| DATASET SECTION |
= Beginning of Section =

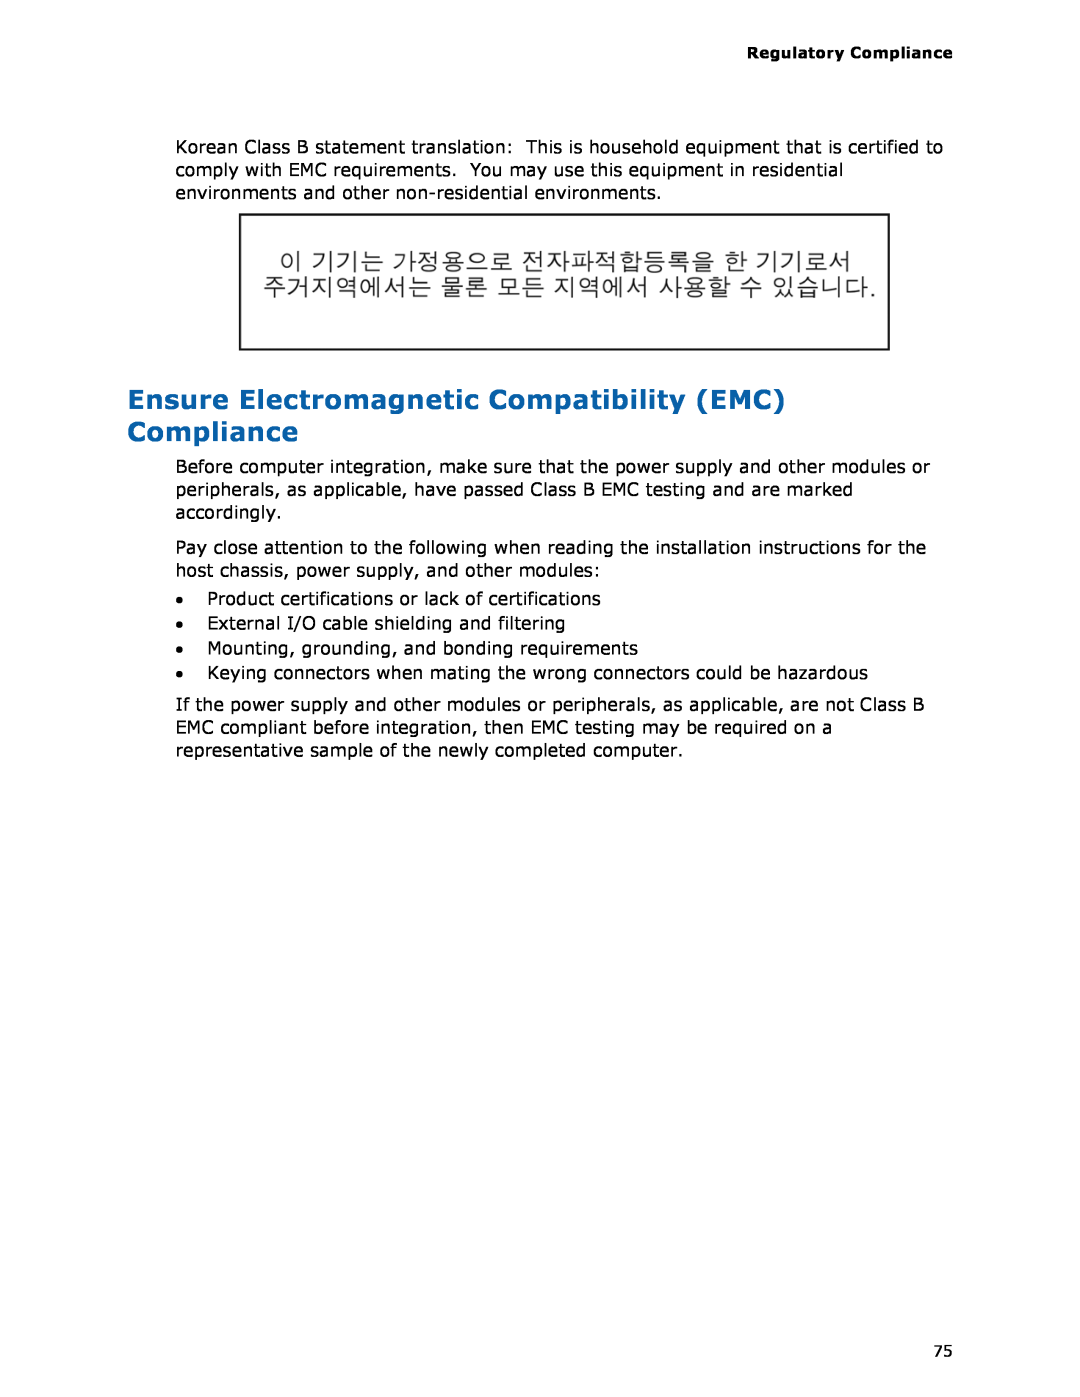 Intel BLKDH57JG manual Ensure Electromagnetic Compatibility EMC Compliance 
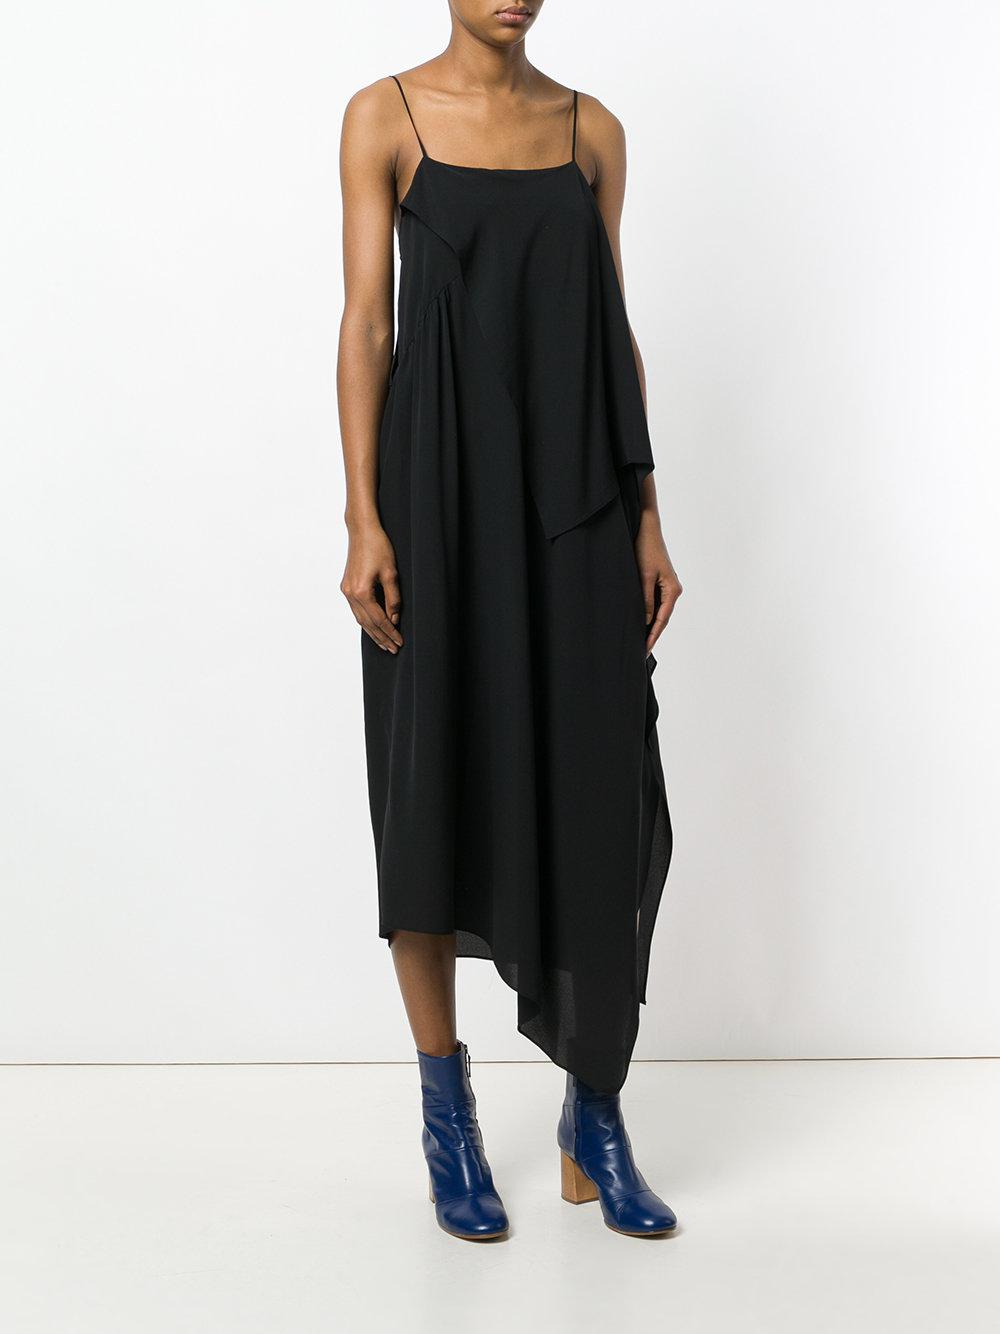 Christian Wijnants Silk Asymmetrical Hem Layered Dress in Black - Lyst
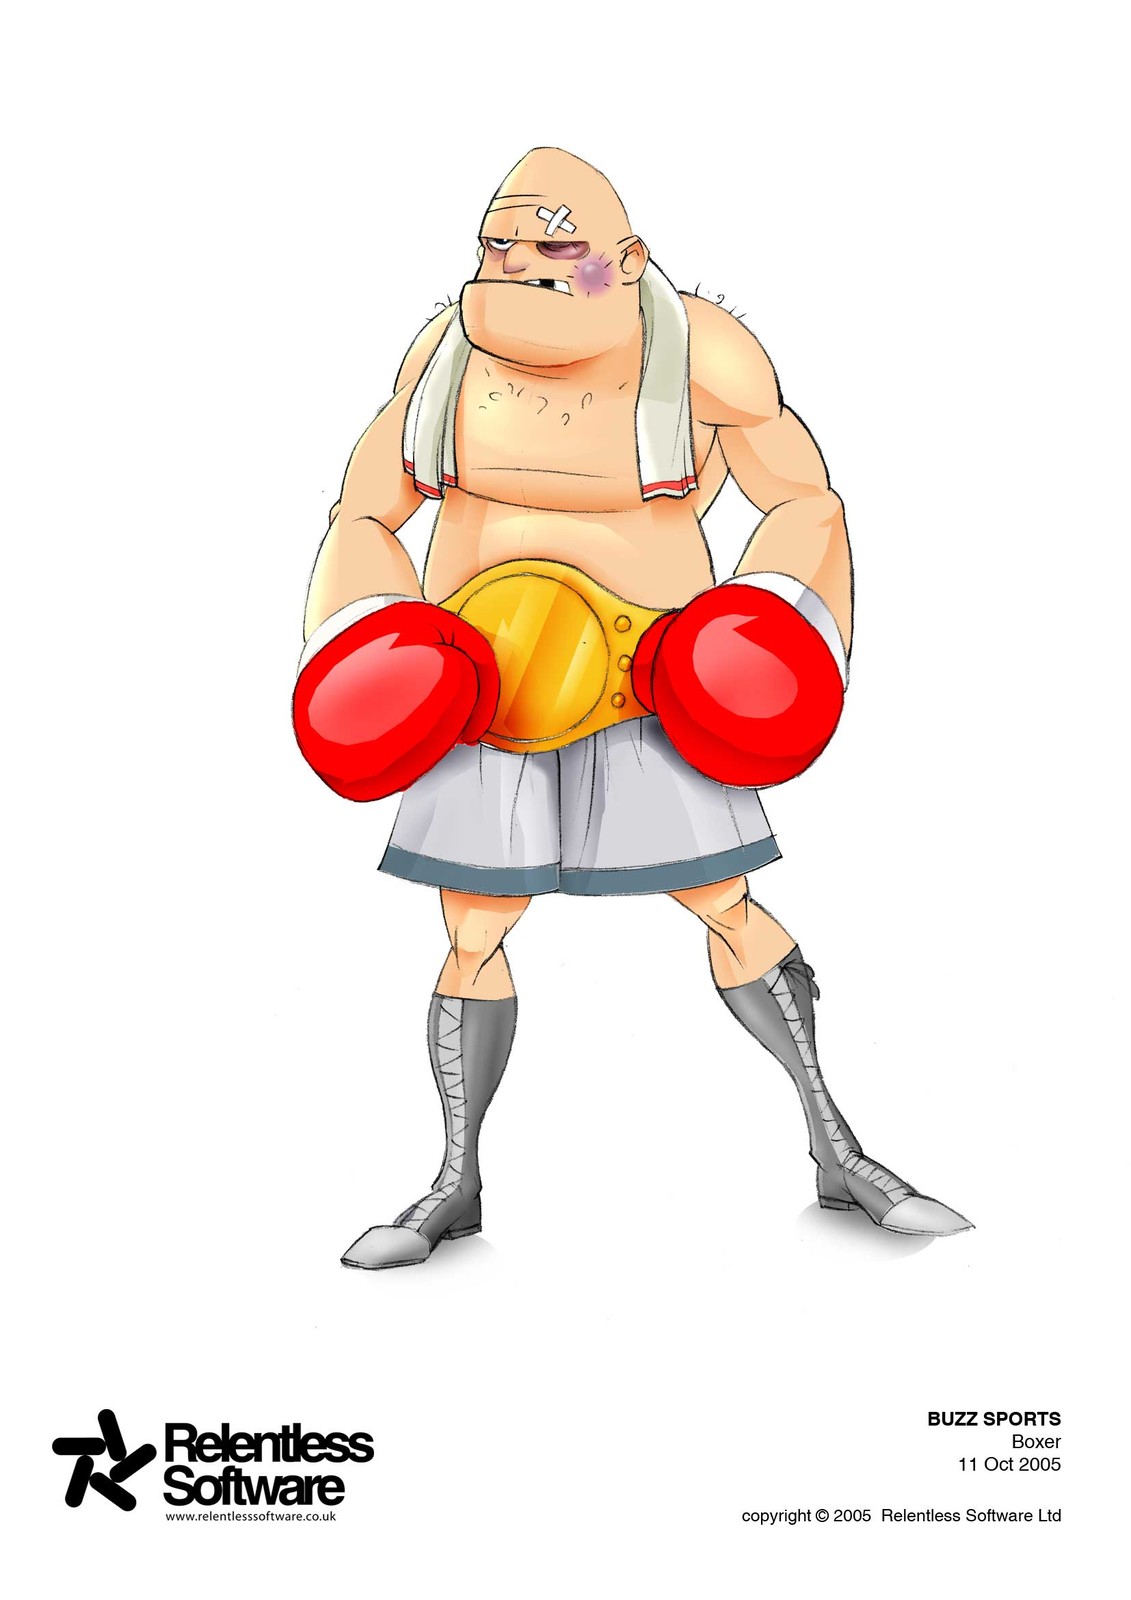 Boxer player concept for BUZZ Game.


= End of Section =

| WORK ITEM |
Please give all of the material again, exactly, without the images.

| EXERCISE SOLUTION |
 Intel BLKDH57JG manual Ensure Electromagnetic Compatibility EMC Compliance 
 Christian Wijnants Silk Asymmetrical Hem Layered Dress in Black - Lyst
 Boxer player concept for BUZZ Game.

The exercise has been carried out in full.